Physical Constants

NIST Physical constants are available from QCElemental with arbitrary conversion factors using the pint package. The current default physical constants come from the NIST CODATA 2014.

Conversion Factors

Conversion factors are available for any valid conversion:

>>> qcel.constants.conversion_factor("nanometer", "angstrom")
10.0

>>> qcel.constants.conversion_factor("eV / nanometer ** 2", "hartree / angstrom ** 2")
0.00036749322481535707

Warning

QCElemental is explicit: kcal is quite different from kcal / mol. Be careful of common shorthands.

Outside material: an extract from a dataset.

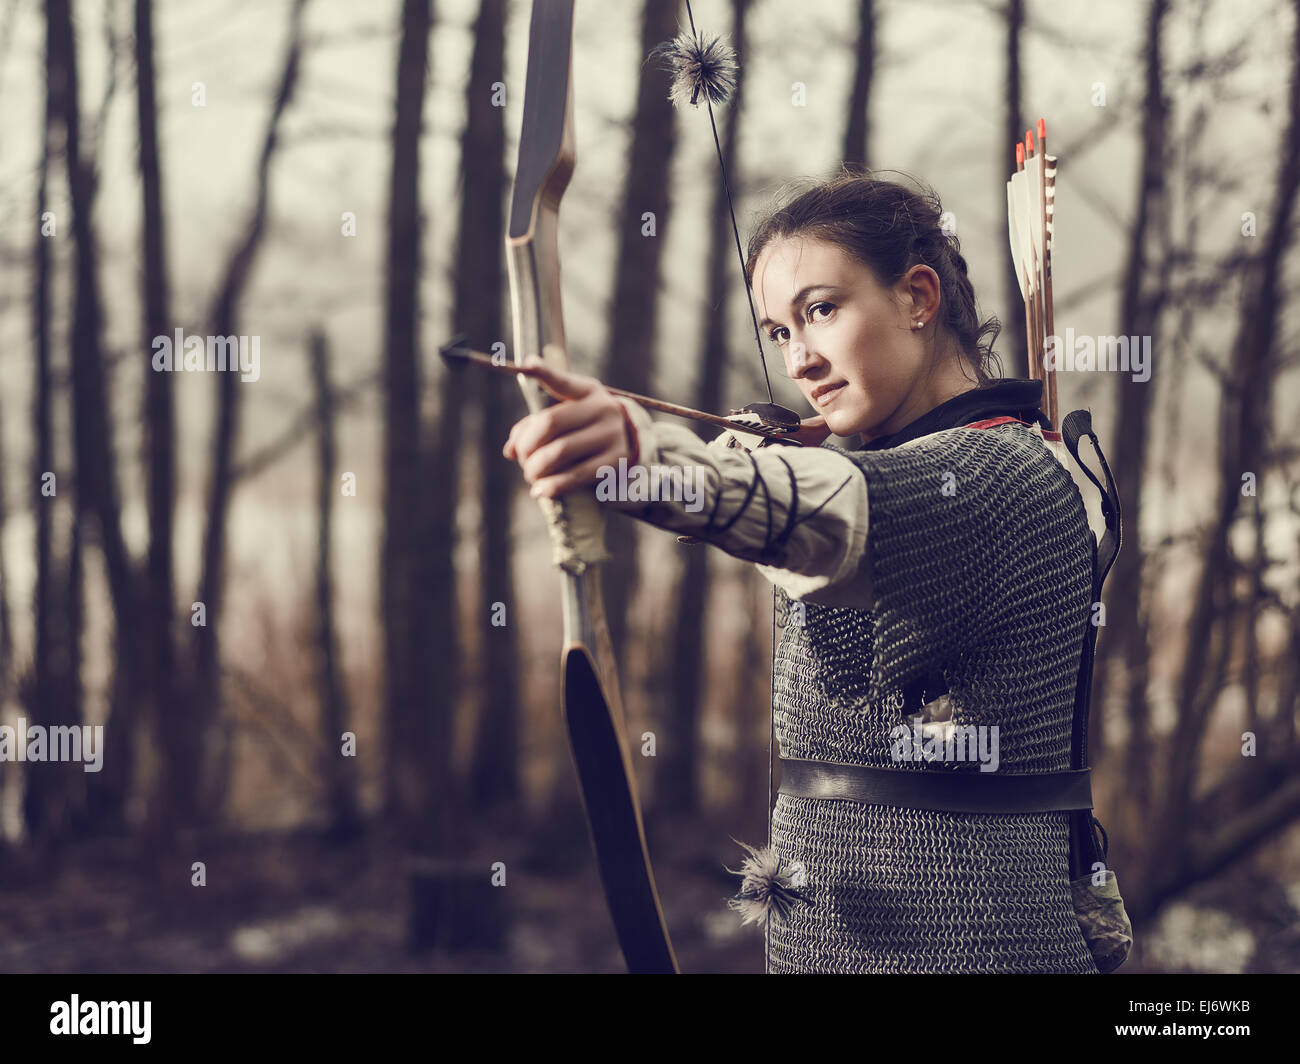 Medieval archer woman, she wearing a chainmail and use a bow and arrow, gloomy forest, cross-processed image. Stock Photo
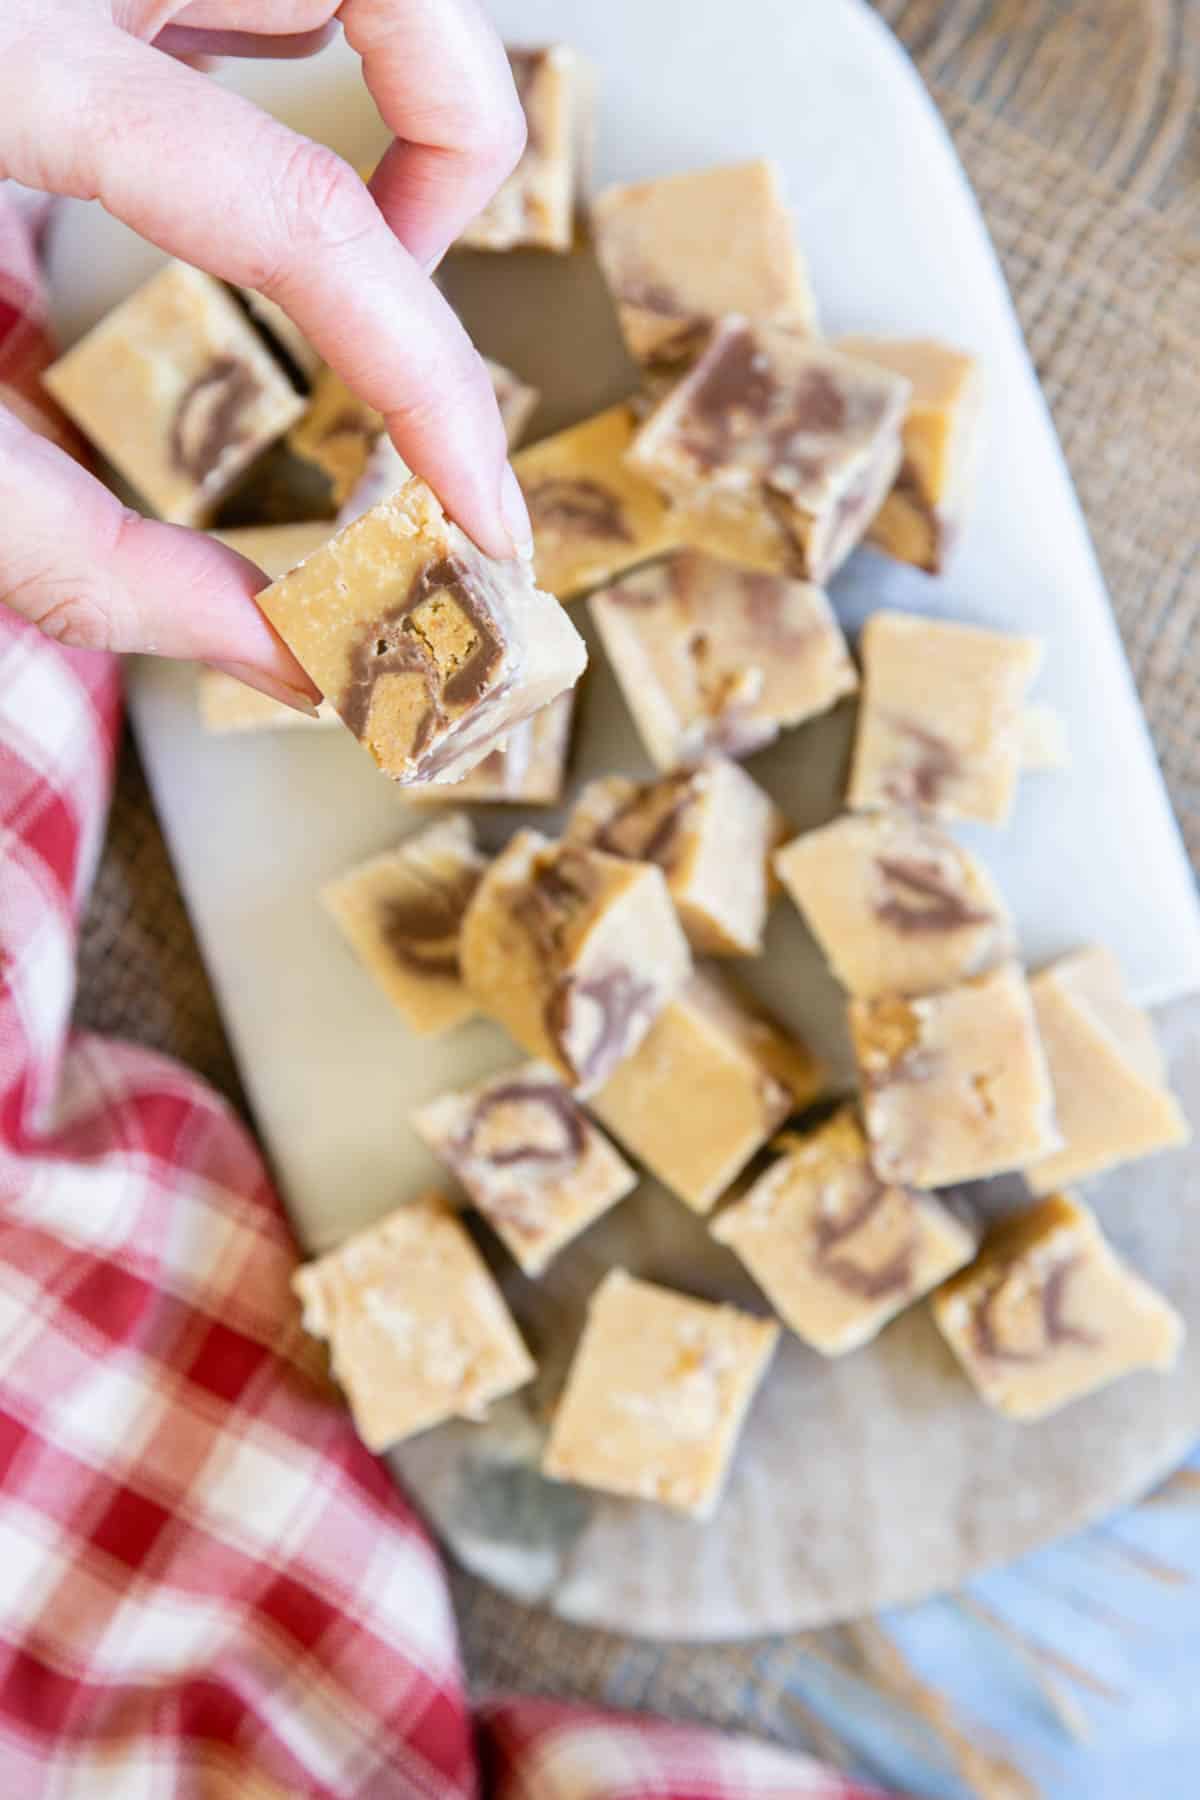 A hand lifting a piece of fudge from a platter.

>>> qcel.constants.conversion_factor("kcal", "eV")
2.611447418269555e+22

>>> qcel.constants.conversion_factor("kcal / mol", "eV")
0.043364103900593226

Quantities

QCElemental supports the pint “values with units” Quantity objects:

>>> q = qcel.constants.Quantity("5 kcal / mol")
>>> q
<Quantity(5, 'kilocalorie')>

>>> q.magnitude
5.0

>>> q.dimensionality
<UnitsContainer({'[length]': 2.0, '[mass]': 1.0, '[substance]': -1.0, '[time]': -2.0})>

These objects are often used for code that has many different units to make the requisite bookkeeping nearly effortless. In addition, these objects have NumPy and Pandas support built-in:

>>> import numpy as np
>>> a = qcel.constants.Quantity("kcal") * np.arange(4)
>>> a
<Quantity([0 1 2 3], 'kilocalorie')>

An example of array manipulation using a NumPy array with a pint quantity:

>>> a * qcel.constants.Quantity("eV")
<Quantity([0 1 2 3], 'electron_volt * kilocalorie')>

>>> a.to("eV")
<Quantity([0.00000000e+00 2.61144742e+22 5.22289484e+22 7.83434225e+22], 'electron_volt')>

NIST CODATA

The exact values from the NIST CODATA can be queried explicitly:

>>> qcel.constants.get("hartree energy in ev")
27.21138602

The complete NIST CODATA record is held and can be obtained via the Python- API. The following example shows how to obtain a comprehensive overview of the individual CODATA record:

>>> datum = qcel.constants.get("hartree energy in ev", return_tuple=True)
>>> datum
<----------------------------------------
       Datum Hartree energy in eV
----------------------------------------
Data:     27.21138602
Units:    [eV]
doi:      10.18434/T4WW24
Comment:  uncertainty=0.000 000 17
Glossary:
---------------------------------------->

Each of these quantities is API accessible:

>>> datum.doi
'10.18434/T4WW24'
>>> datum.comment
'uncertainty=0.000 000 17'

Contexts

Physical constants are continuously refined over time as experimental precision increases or redefinition occurs. To prepare for future changes, physical constants are contained in contexts. The qcel.constants context will be updated over time to the latest NIST data. To “pin” a context version, a specific context can be created like so:

>>> context = qcel.PhysicalConstantsContext("CODATA2014")
>>> context.conversion_factor("hartree", "eV")
27.21138601949571

Currently only CODATA2014 is available.

API

Top level user functions:

`conversion_factor`(base_unit, conv_unit)	Provides the conversion factor from one unit to another.
`get`([return_tuple])	Access a physical constant, physical_constant.
`Quantity`()	Returns a Pint Quantity.
`string_representation`()	Print name, value, and units of all physical constants.

Function Definitions

Note

conversion_factor is a function, not a class, but cannot be documented in Sphinx as such due to the way the LRU Cache wraps it. Please disregard the marking of it being a “class.”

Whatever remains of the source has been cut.